Re: Parallel INSERT (INTO ... SELECT ...)

From: Greg Nancarrow <gregn4422(at)gmail(dot)com>
To: "tsunakawa(dot)takay(at)fujitsu(dot)com" <tsunakawa(dot)takay(at)fujitsu(dot)com>
Cc: Amit Kapila <amit(dot)kapila16(at)gmail(dot)com>, Antonin Houska <ah(at)cybertec(dot)at>, Dilip Kumar <dilipbalaut(at)gmail(dot)com>, vignesh C <vignesh21(at)gmail(dot)com>, Bharath Rupireddy <bharath(dot)rupireddyforpostgres(at)gmail(dot)com>, Andres Freund <andres(at)anarazel(dot)de>, PostgreSQL-development <pgsql-hackers(at)postgresql(dot)org>
Subject: Re: Parallel INSERT (INTO ... SELECT ...)
Date: 2021-01-22 11:49:24
Message-ID: CAJcOf-deGKGsGCwBTpOiwoUxoY+AOAMfSZn9DW2A7NrYrWYCmg@mail.gmail.com
Views: Raw Message | Whole Thread | Download mbox | Resend email
Thread:
Lists: pgsql-hackers

On Fri, Jan 22, 2021 at 7:52 PM tsunakawa(dot)takay(at)fujitsu(dot)com
<tsunakawa(dot)takay(at)fujitsu(dot)com> wrote:
>
>
> (1)
> - * (Note that we do allow CREATE TABLE AS, SELECT INTO, and CREATE
> - * MATERIALIZED VIEW to use parallel plans, but as of now, only the leader
> - * backend writes into a completely new table.

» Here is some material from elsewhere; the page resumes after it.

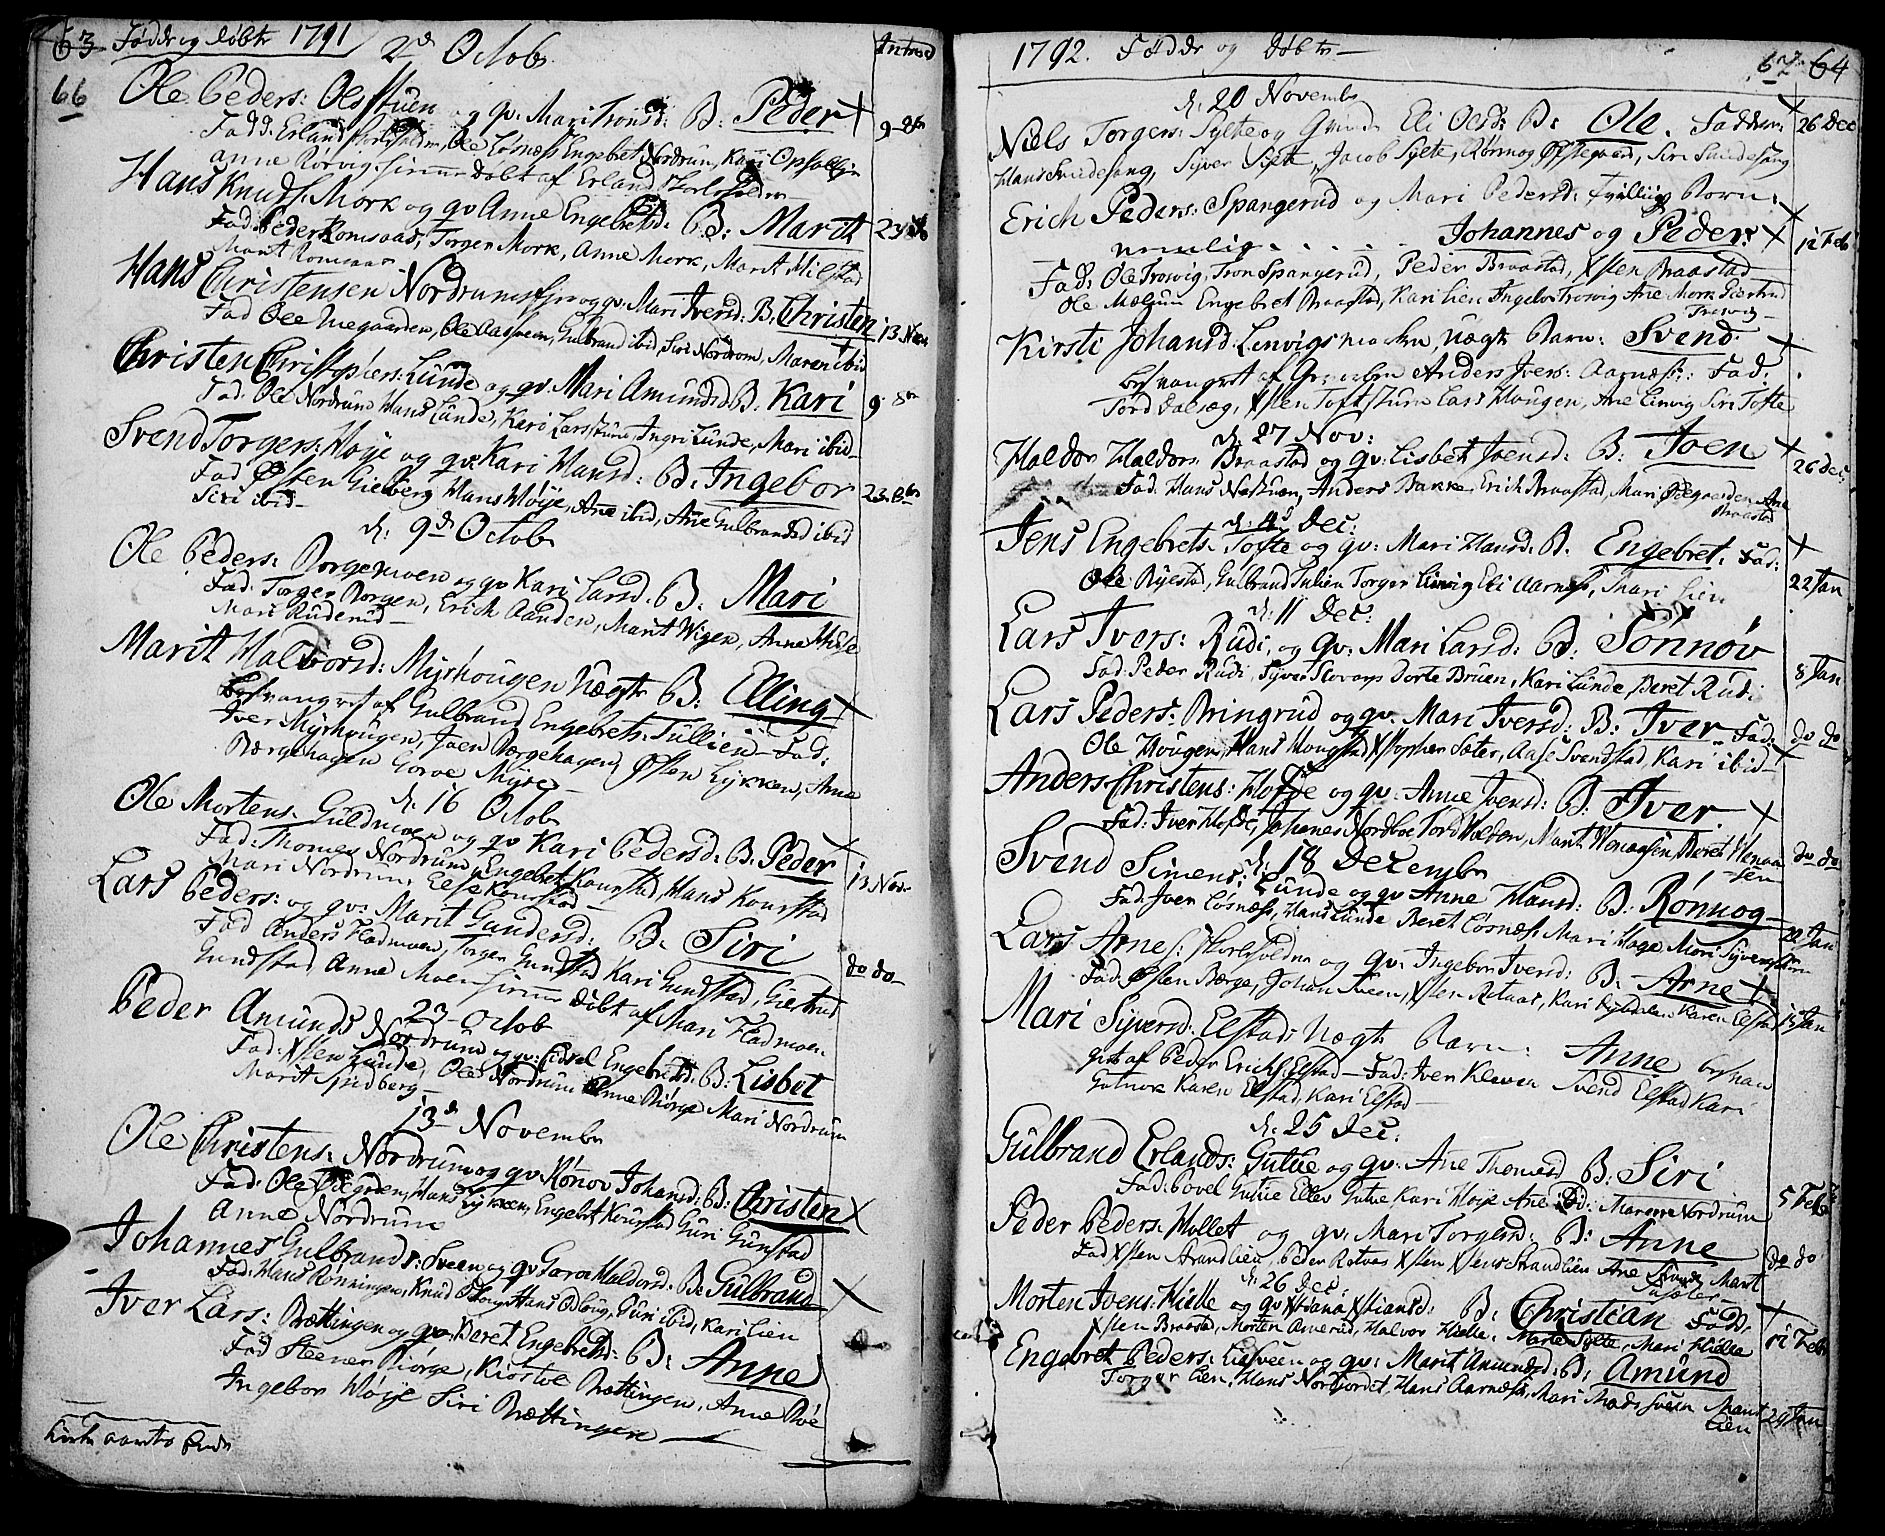 SAH, Ringebu prestekontor, Ministerialbok nr. 3, 1781-1820, s. 66-67

In the future, we can
> - * extend it to allow workers to write into the table. However, to allow
> - * parallel updates and deletes, we have to solve other problems,
> - * especially around combo CIDs.)
> + * (Note that we do allow CREATE TABLE AS, INSERT INTO...SELECT, SELECT
> + * INTO, and CREATE MATERIALIZED VIEW to use parallel plans. However, as
> + * of now, only the leader backend writes into a completely new table. In
>
> This can read "In INSERT INTO...SELECT case, like other existing cases, only the leader backend writes into a completely new table." The reality is that workers as well as the leader can write into an empty or non-empty table in parallel, isn't it?
>

Yes, you're right the wording is not right (and I don't really like
the wording used before the patch).

Perhaps it could say:

(Note that we do allow CREATE TABLE AS, INSERT INTO...SELECT, SELECT
INTO, and CREATE MATERIALIZED VIEW to use parallel plans. However, as
of now, other than in the case of INSERT INTO...SELECT, only the leader backend
writes into a completely new table. In the future, we can extend it to
allow workers for the
other commands to write into the table. However, to allow parallel
updates and deletes, we
have to solve other problems, especially around combo CIDs.)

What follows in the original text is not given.